Thanksgiving: Being Grateful for Change, Good and Bad

More often than not, our ability to feel gratitude and express thanksgiving lies in recognizing the importance of the darkest moments in our lives. I’m guessing that there aren’t many people out there who, when it’s their turn to express what they’re thankful for at the holiday table, come up with the words, “I’m thankful for World War II”! Yet, that scene was our Thanksgiving dinner several years ago, with a table full of guests, and that person was my father.

In the shocked silence that followed, I looked around at the gamut of confusion written on the faces of our guests. A quick toast to Thanksgiving broke the solemnity and the feasting of that distinctly American tradition ensued. Yet our table was unique in that the host – my father – was an immigrant whose seeds of gratitude were sown long ago amidst some of the most unspeakable horrors the world had ever seen, even to this day. He endured that war as a member of one of the many non-Jewish, Polish families that were stripped of their farms, separated, and shipped off to various parts of Poland and Germany to be used as forced labor. Whether or not others at the table understood what he was saying, I knew exactly what he meant by his “thankful for” comment. He was expressing his gratitude for the “Gift of Ruin”, a phrase coined by Elizabeth Gilbert in her blog. I like to think of it as “The Inevitability of Change”.

It is when we recognize where we have been, the trials we have endured, and the loss we have experienced that we can understand what we have to be thankful for in our present moment.

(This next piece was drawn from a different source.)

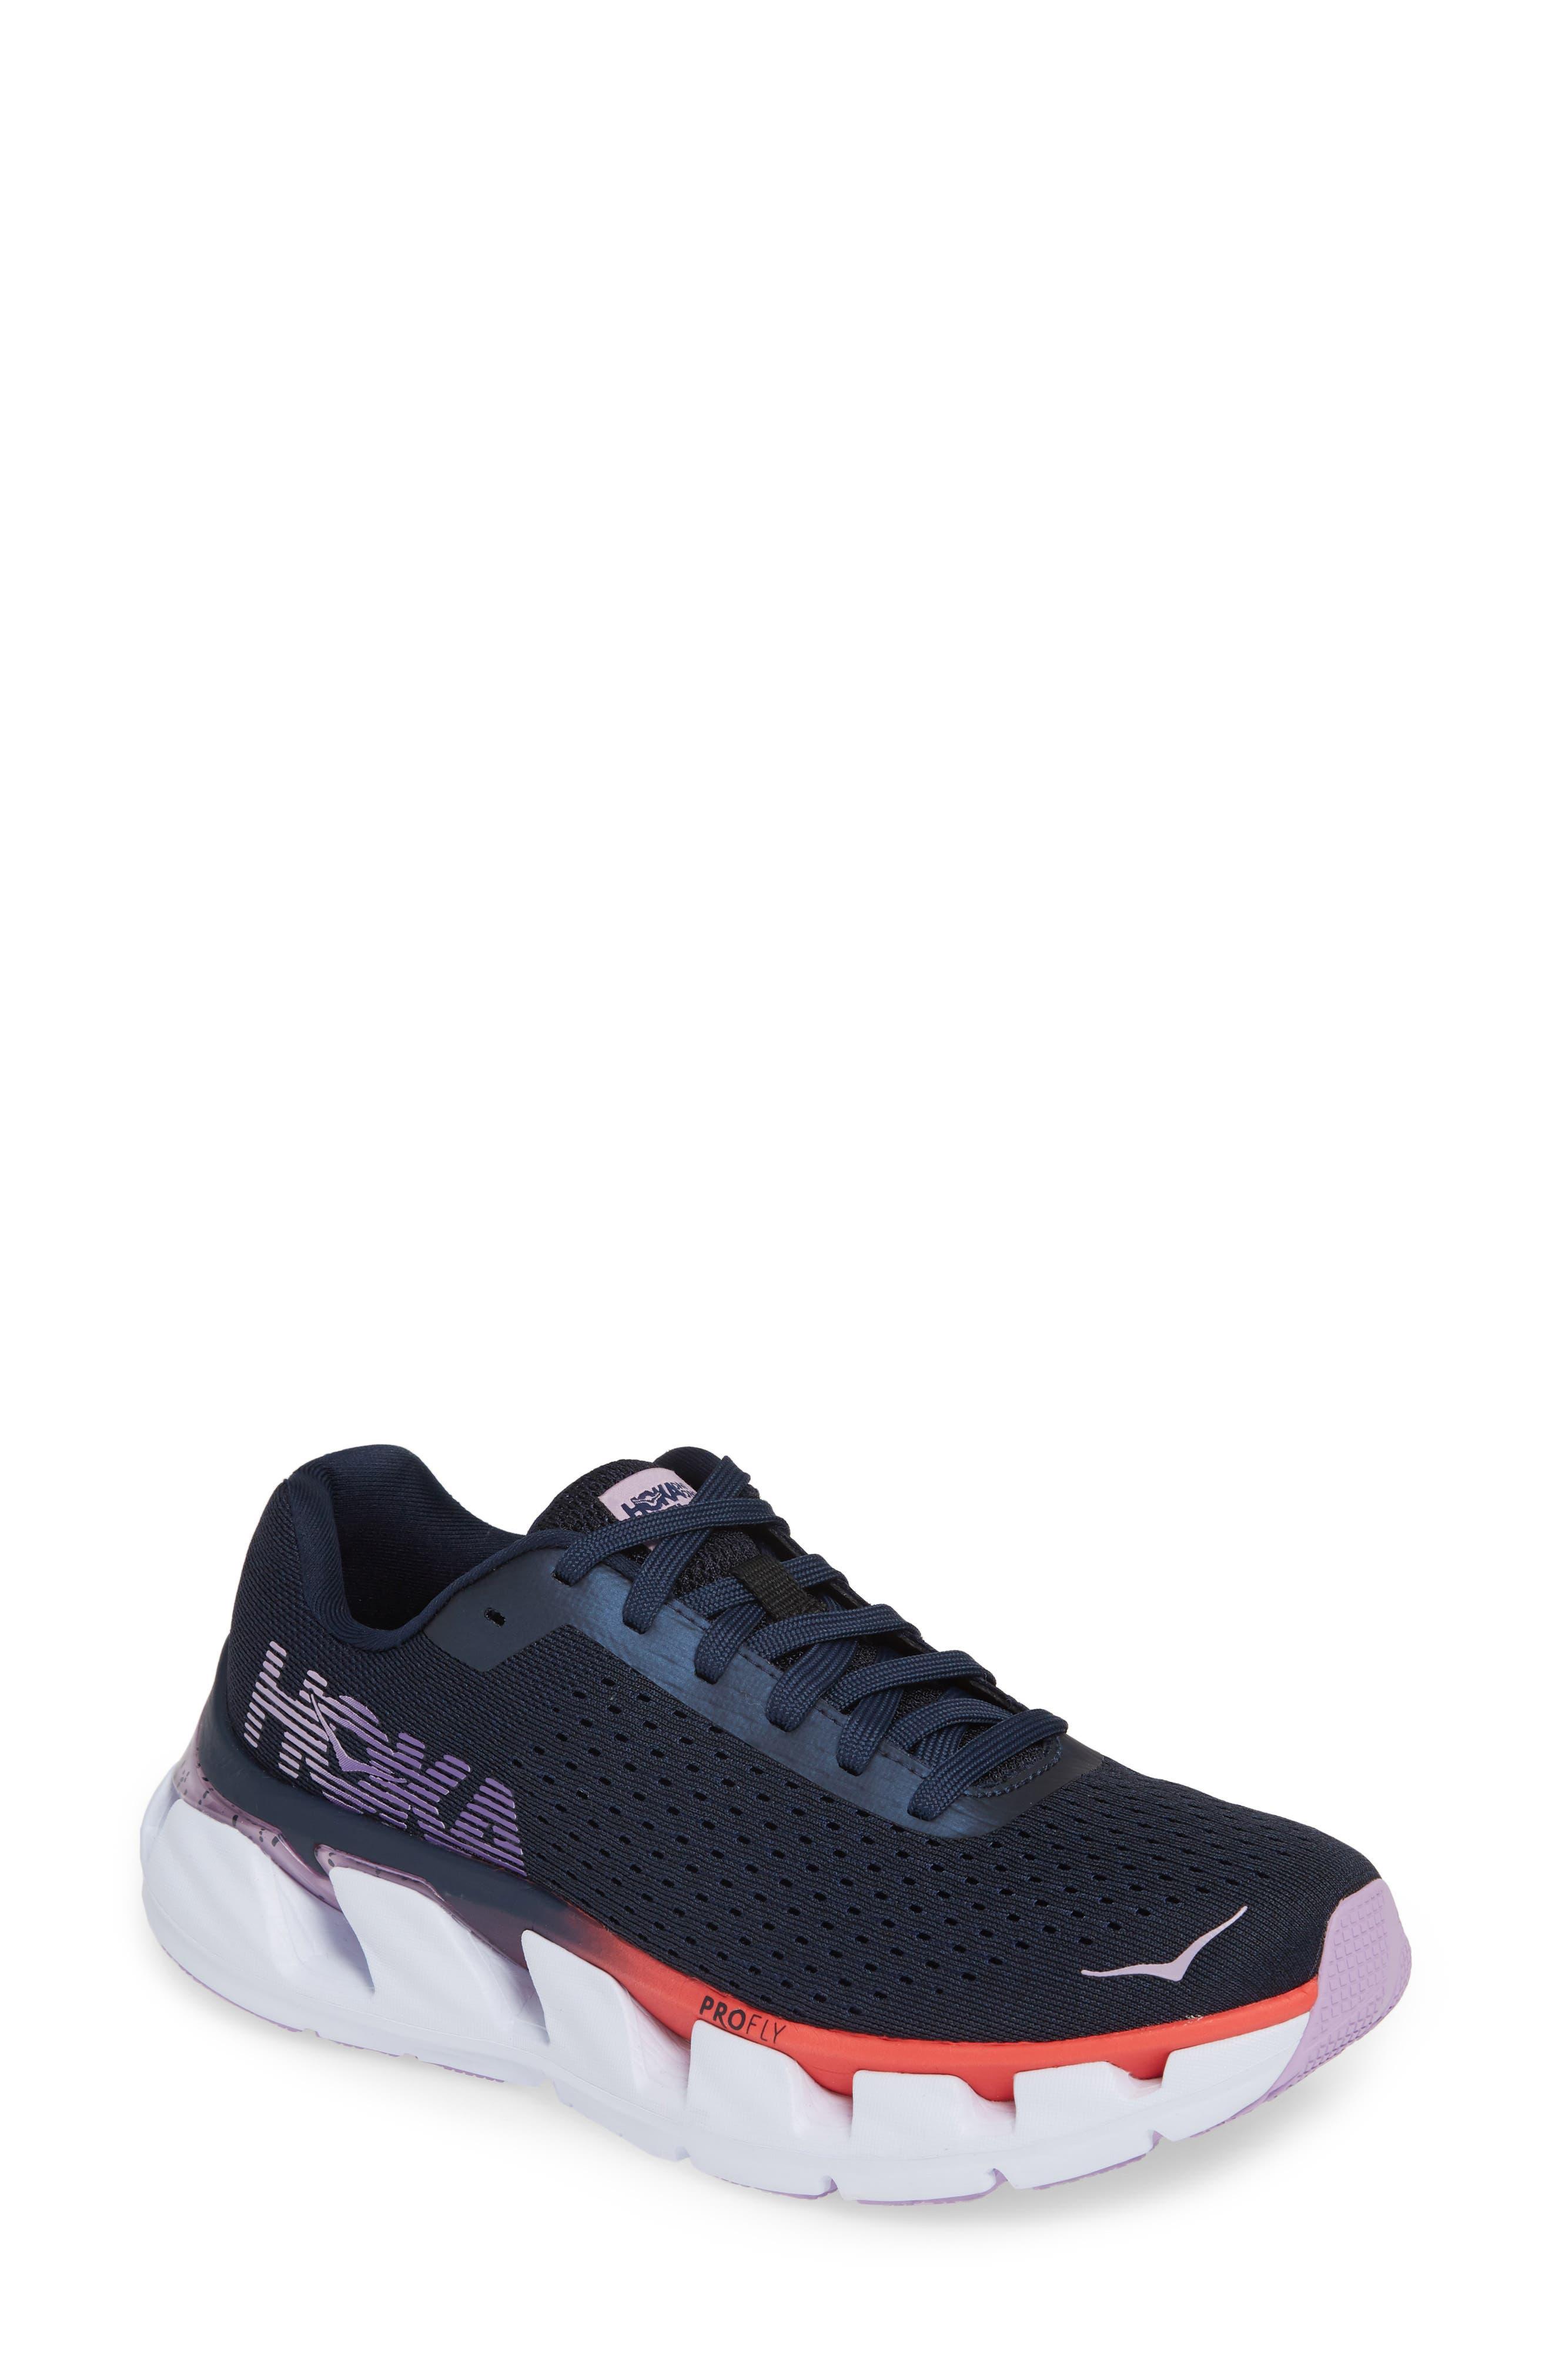 Elevon Running Shoe, Main, color, 001

Yes, there are quite a few terrible things over which we, as individuals, have no control. Natural disasters. Death of loved ones. Other people’s dangerous driving habits. Malfunctioning airplanes. Terrorists in airplanes. World Wars. Yet, it is also apparent that we continue to search for meaning in our lives, not in spite of these uncontrollable things, but in the midst of them, and it is in this very search that we plant seeds of gratitude to be harvested later in moments we call Thanksgiving.

My father’s experience, while devastating, did not even begin to compare with the horrors experienced by millions of others, whose voices were silenced by that tragedy. He should know. He was there. Yet, here he was at the Thanksgiving table, expressing gratitude for having met his own darkness, knowing it was precisely what enabled him to become the person sitting with us, decades later. It is when we recognize where we have been, the trials we have endured, and the loss we have experienced that we can understand what we have to be thankful for in our present moment. We are given “gifts of ruin”, and expressing gratitude for these gifts helps us to experience the happiness that is readily available to us.

The metaphor of the caterpillar in the chrysalis transforming into the butterfly is another way of understanding this inevitability of change.? While we tend to express gratitude by saying how thankful we are to be the butterfly, it is also important to recognize just where those seeds of gratitude were planted: in the goo that was once the caterpillar, but not yet the butterfly. This was my father’s “thankful”, many years ago, around the table laden with food and amidst friends and family. I wonder what my “thankful” will be this year? In preparation, I will make sure to focus on all of the circumstances that have brought me to this year’s Thanksgiving table, paying equal homage to the painful ones as well as the joyous ones.